◆ **What the exercise asks**: Word-for-word transcription: reproduce all of the data, but not the pictures.
Segment Start: Data block
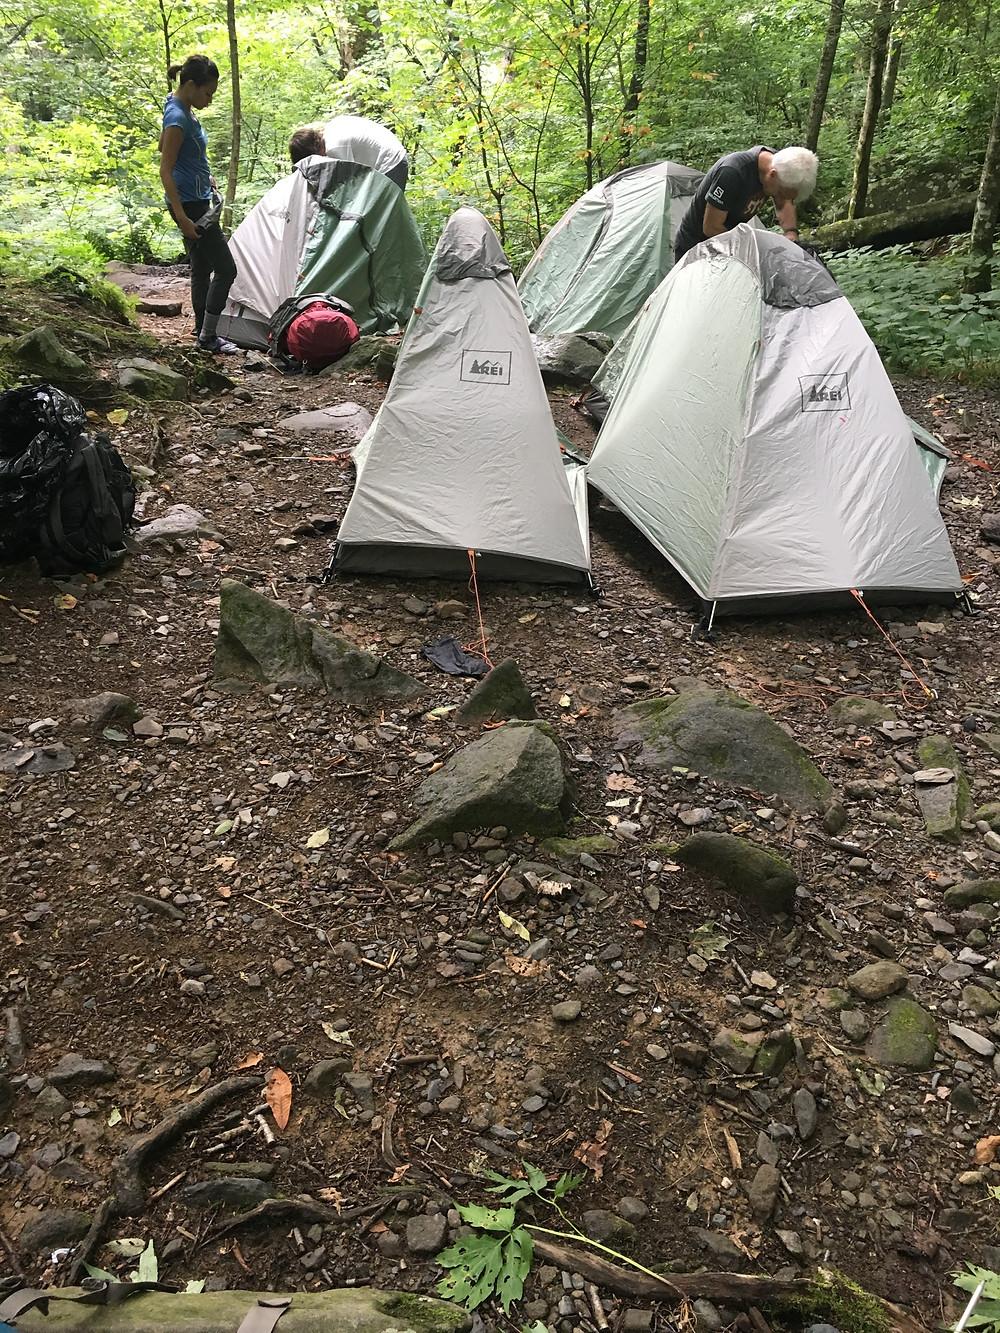 Single person tents are small
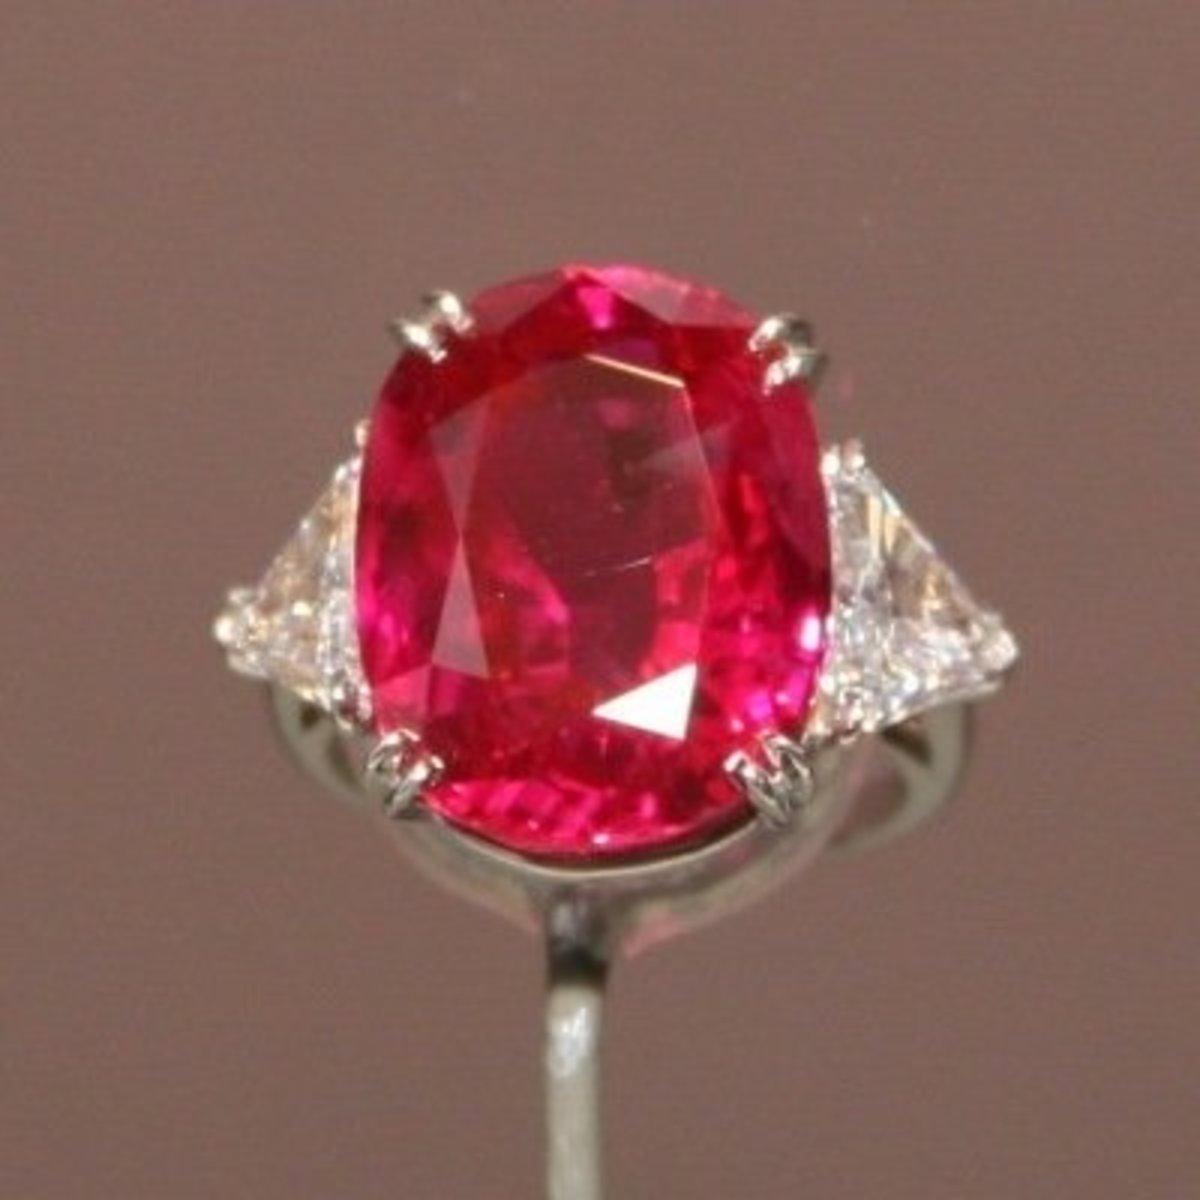 Pink Ruby Gemstones vs. Pink Sapphire Gems
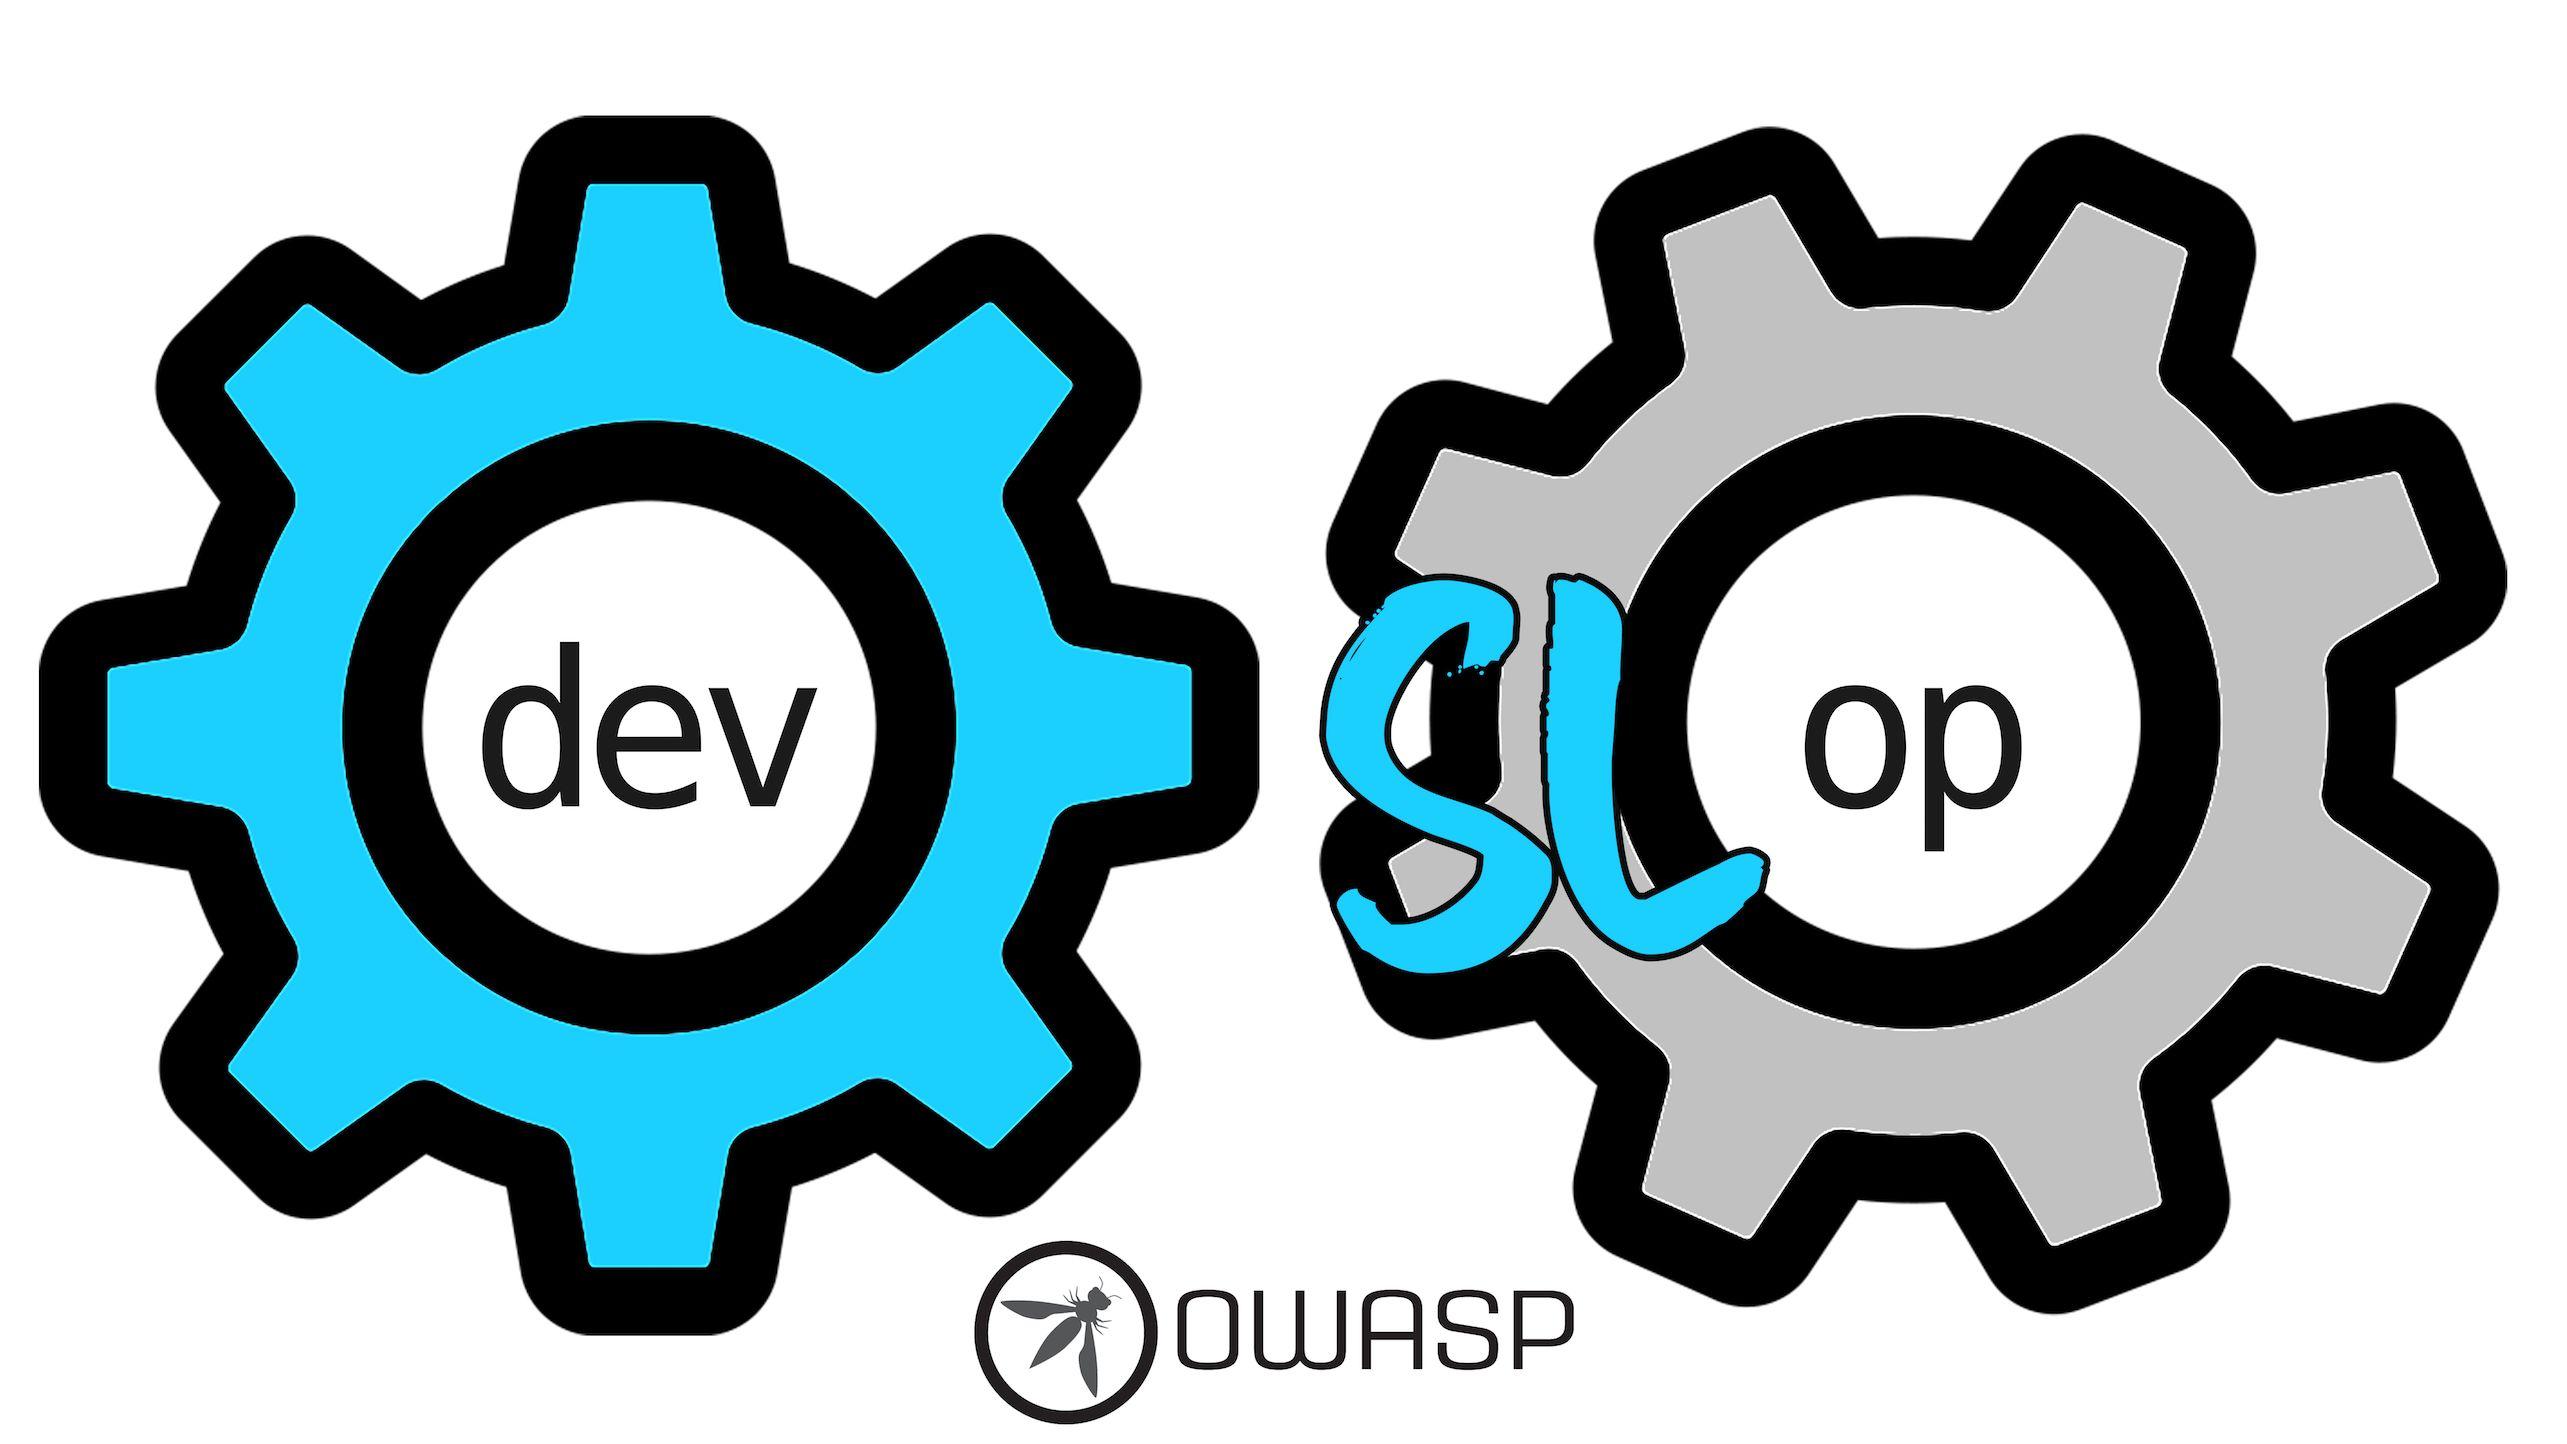 OWASP DevSlop Project
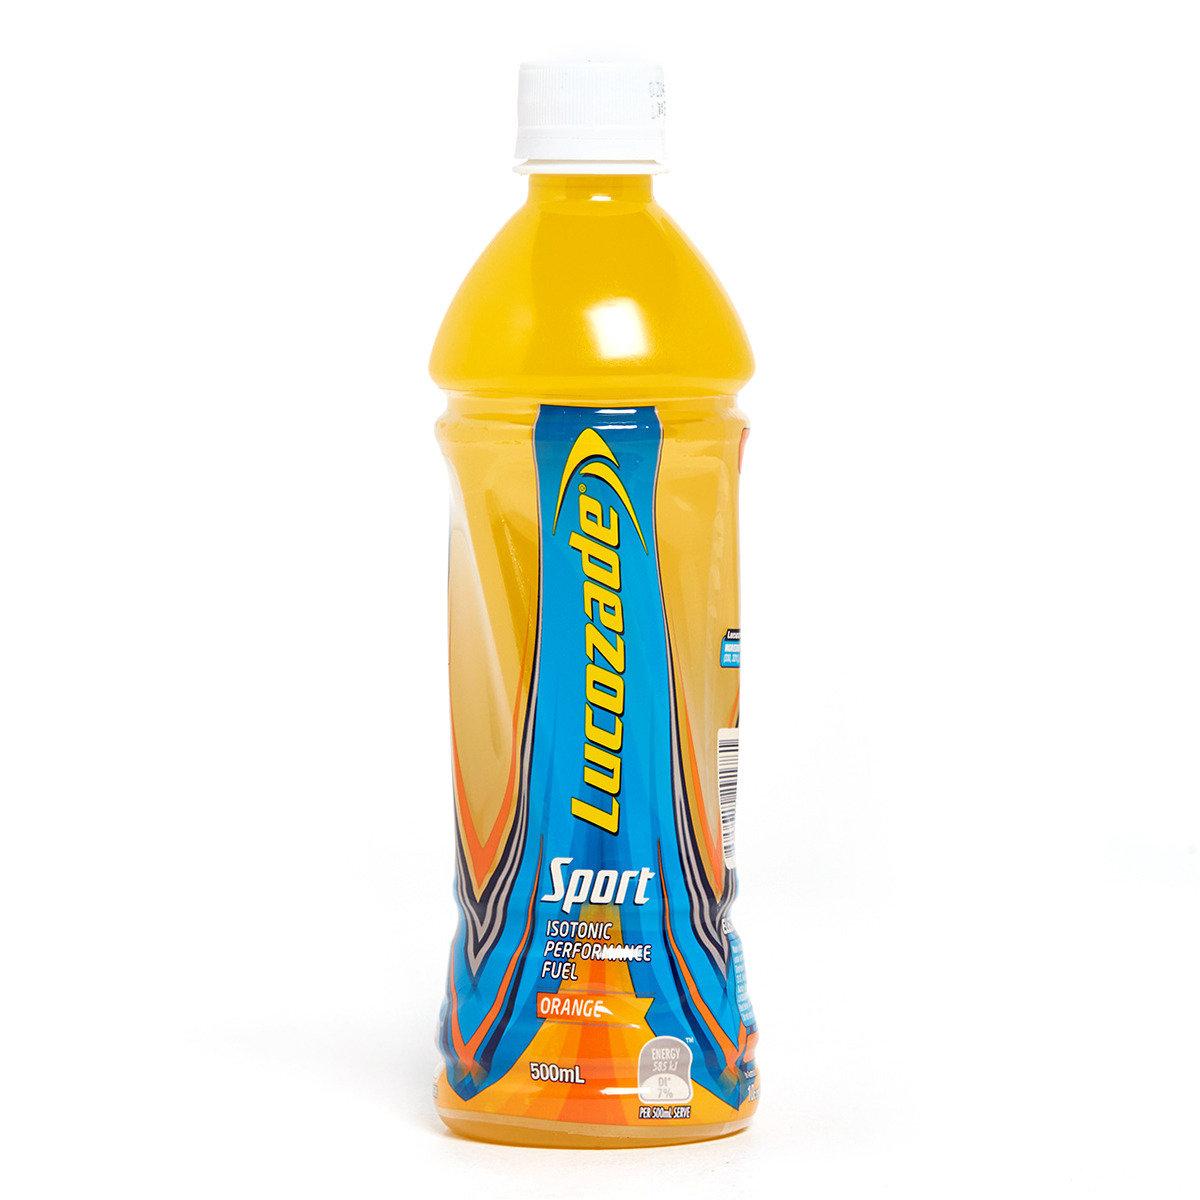 Sport 運動飲品 - 香橙味
Segment End: Data block
◆ **Solution below**:
 Single person tents are small
 Pink Ruby Gemstones vs. Pink Sapphire Gems
 OWASP DevSlop Project
 Sport 運動飲品 - 香橙味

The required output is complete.